▶ _BRIEF_:
Write out exactly, excluding pictures, the lines from the one containing "Metric Oil Shaft" through the end of the data, both included.

▶ _DATASET EXTRACT_:
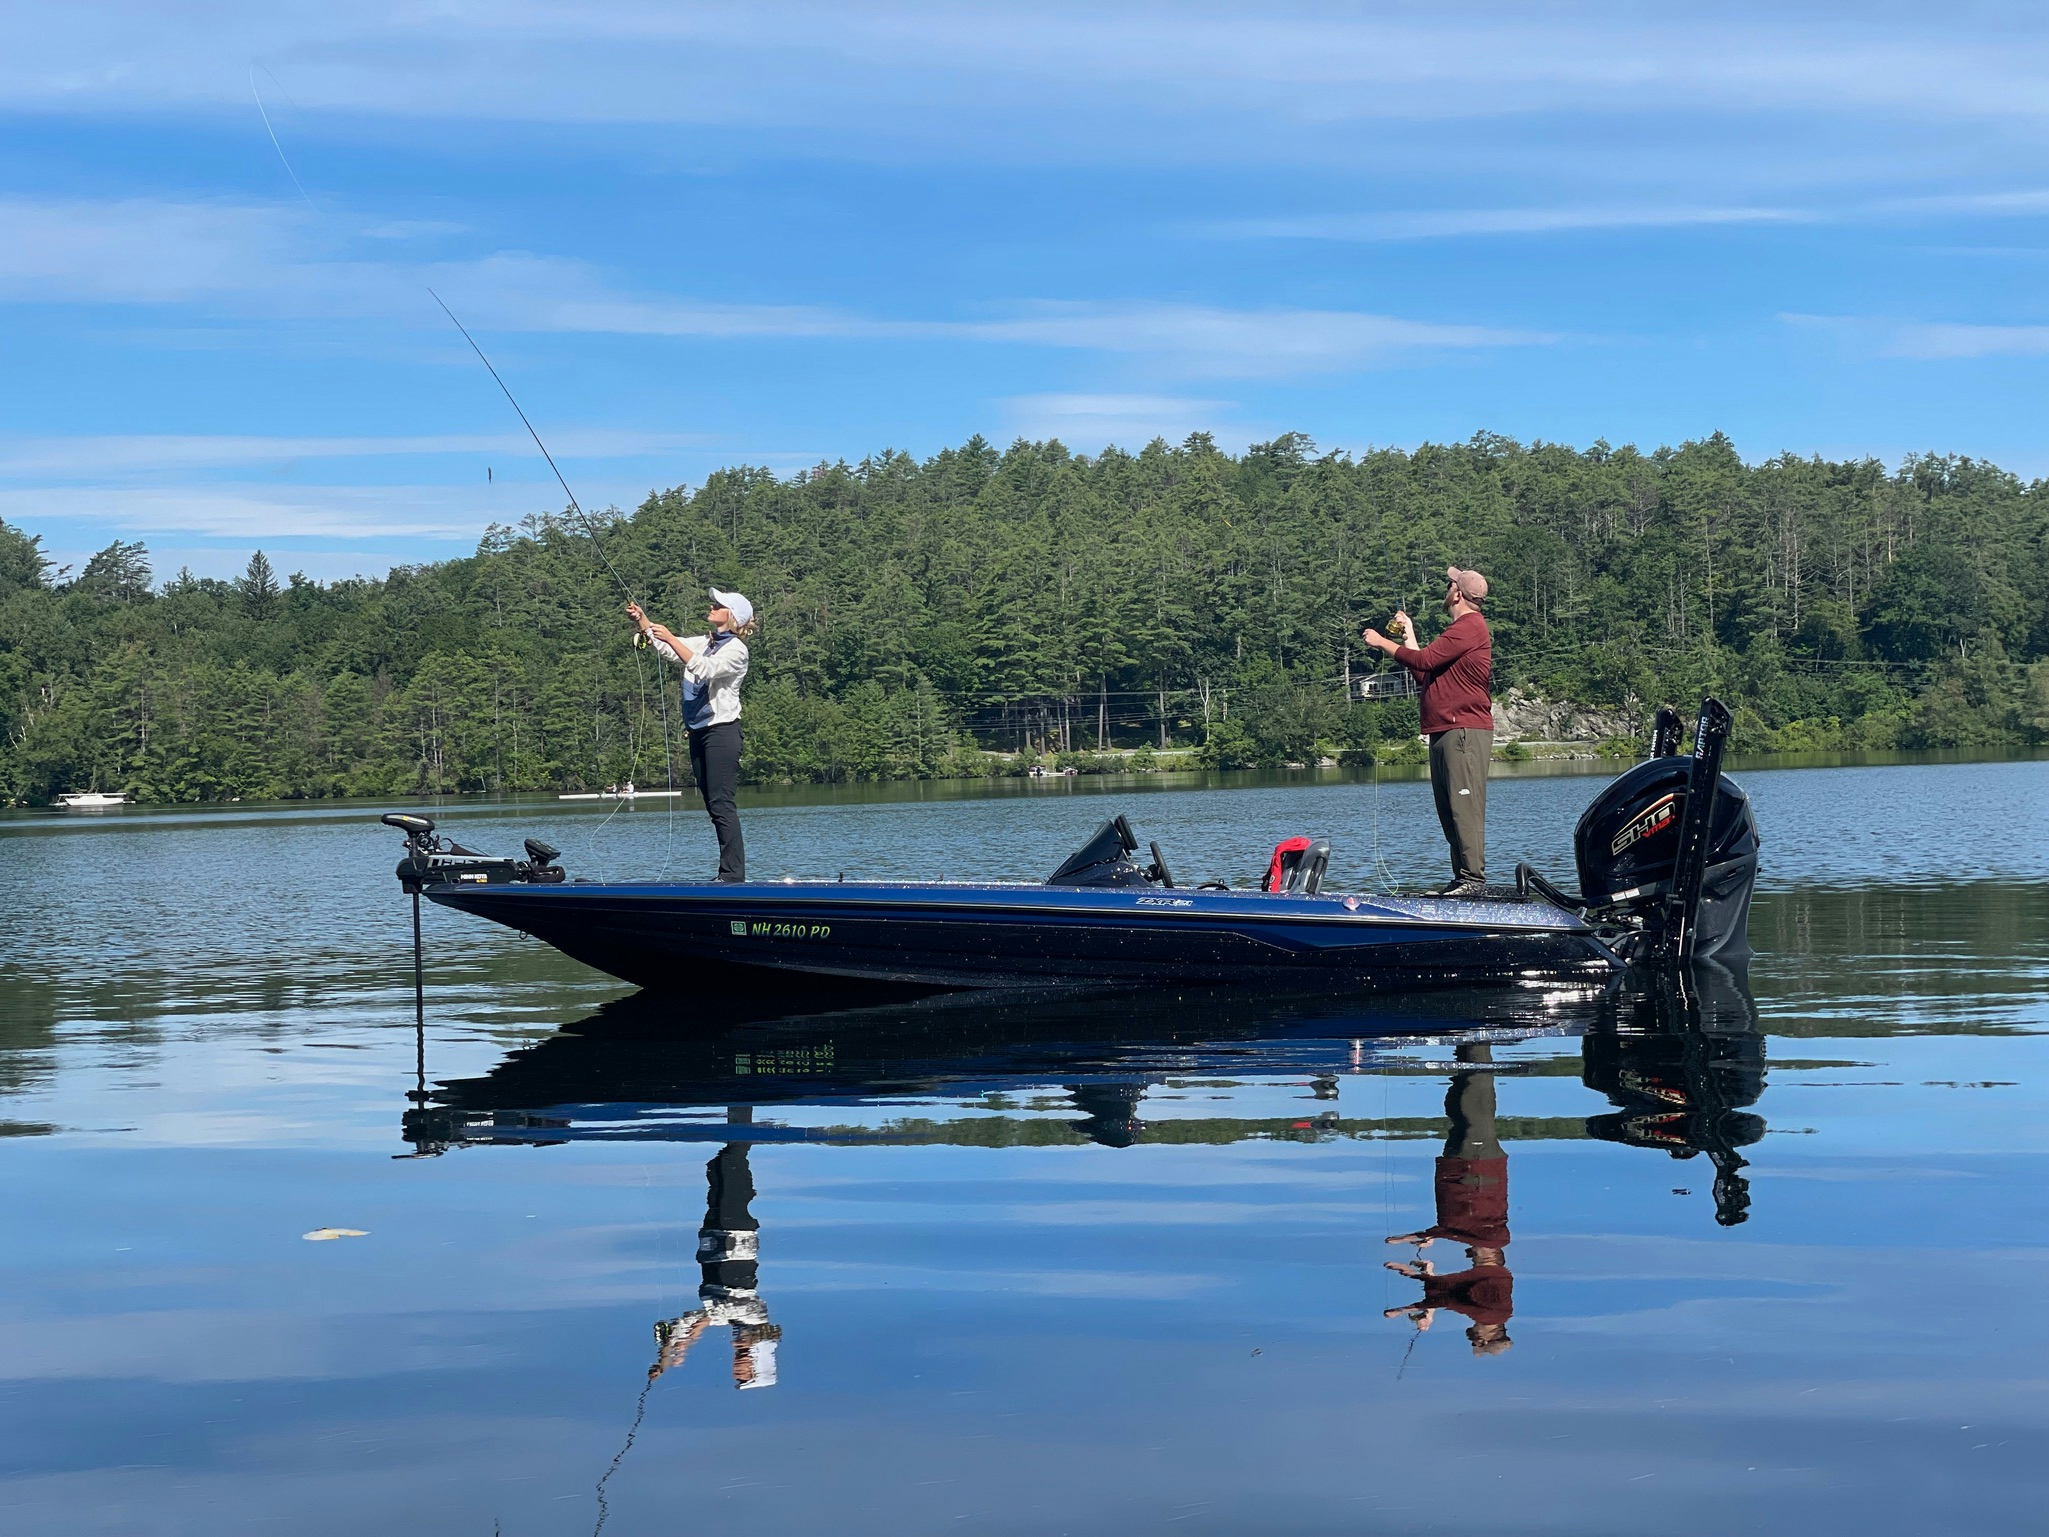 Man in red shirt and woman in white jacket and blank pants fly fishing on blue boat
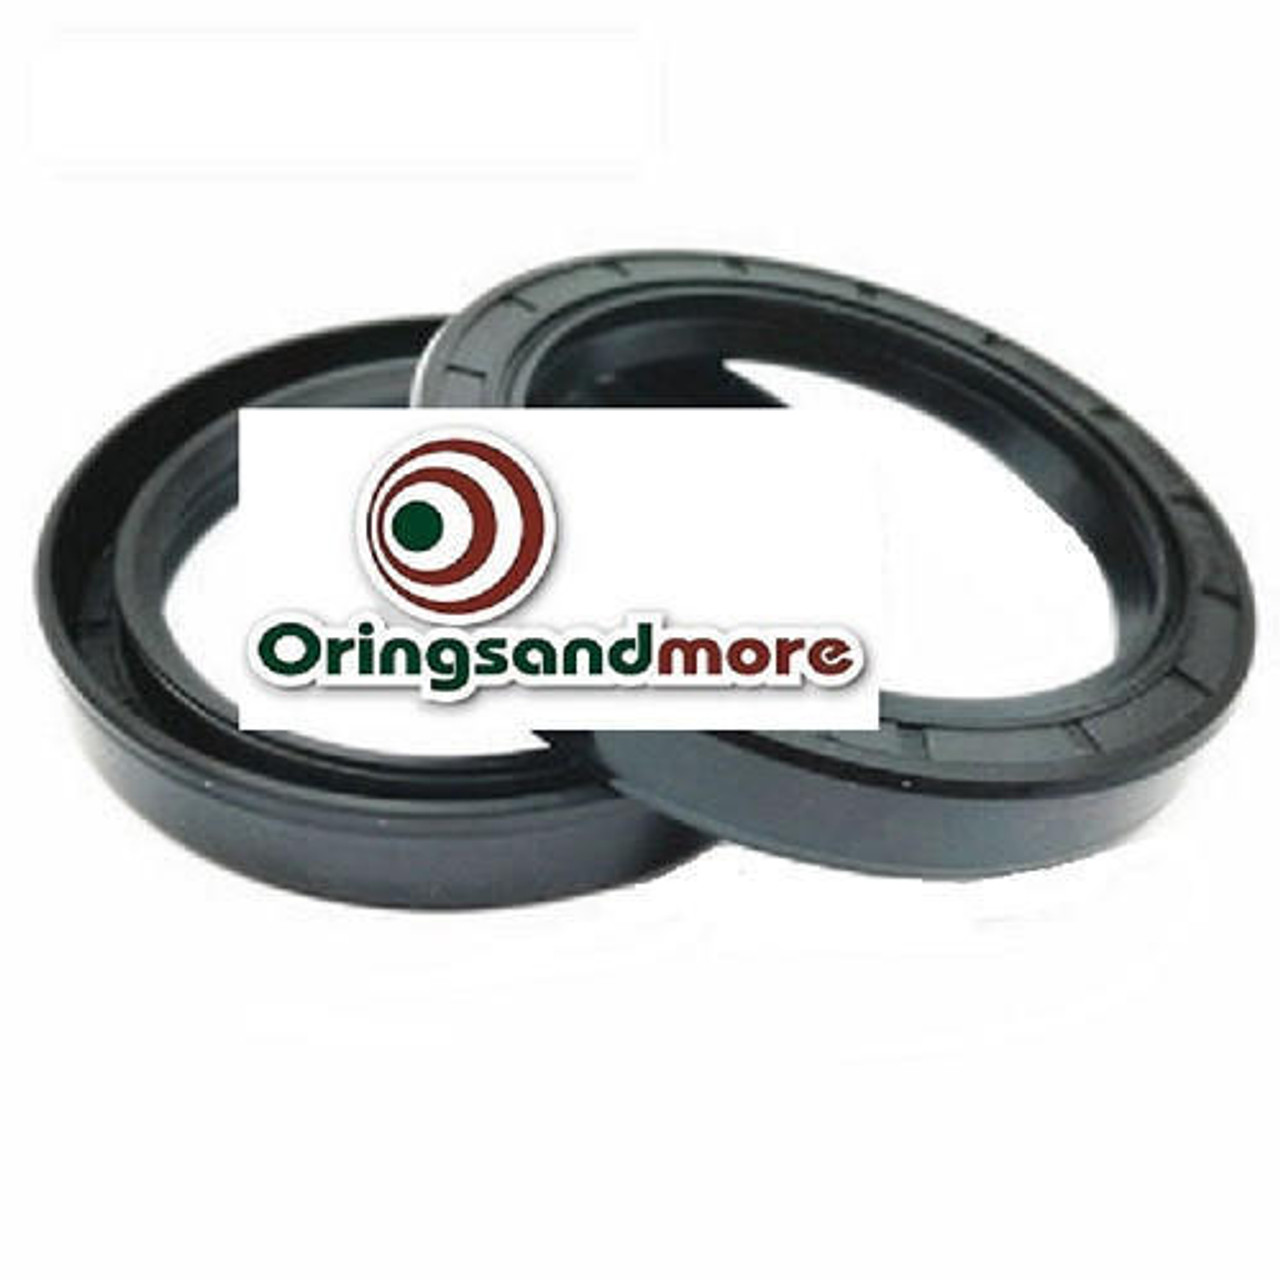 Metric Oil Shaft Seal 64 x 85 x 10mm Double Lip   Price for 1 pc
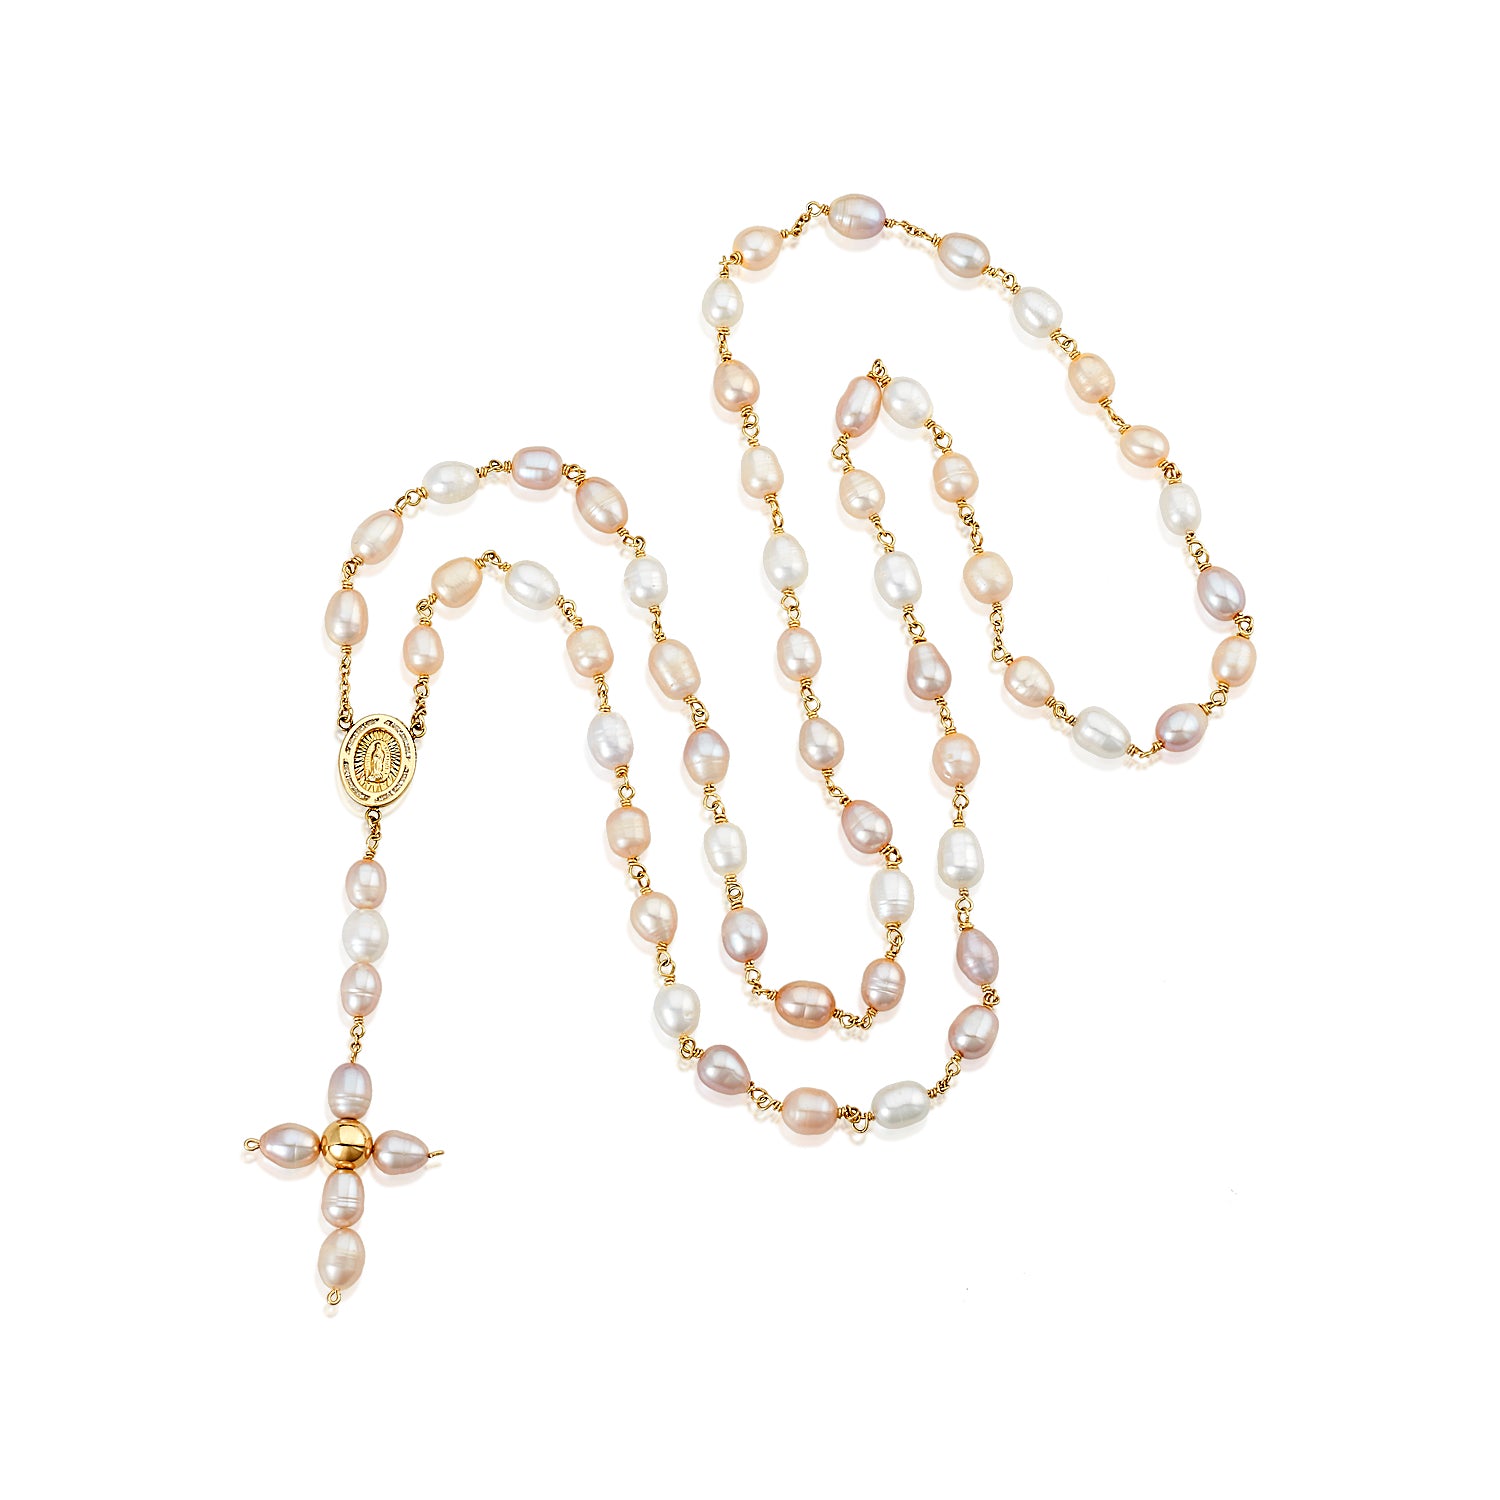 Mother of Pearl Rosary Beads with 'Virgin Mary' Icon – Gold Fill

▶ _COMPLETED EXERCISE_:
 Metric Oil Shaft Seal 64 x 85 x 10mm Double Lip   Price for 1 pc
 Mother of Pearl Rosary Beads with 'Virgin Mary' Icon – Gold Fill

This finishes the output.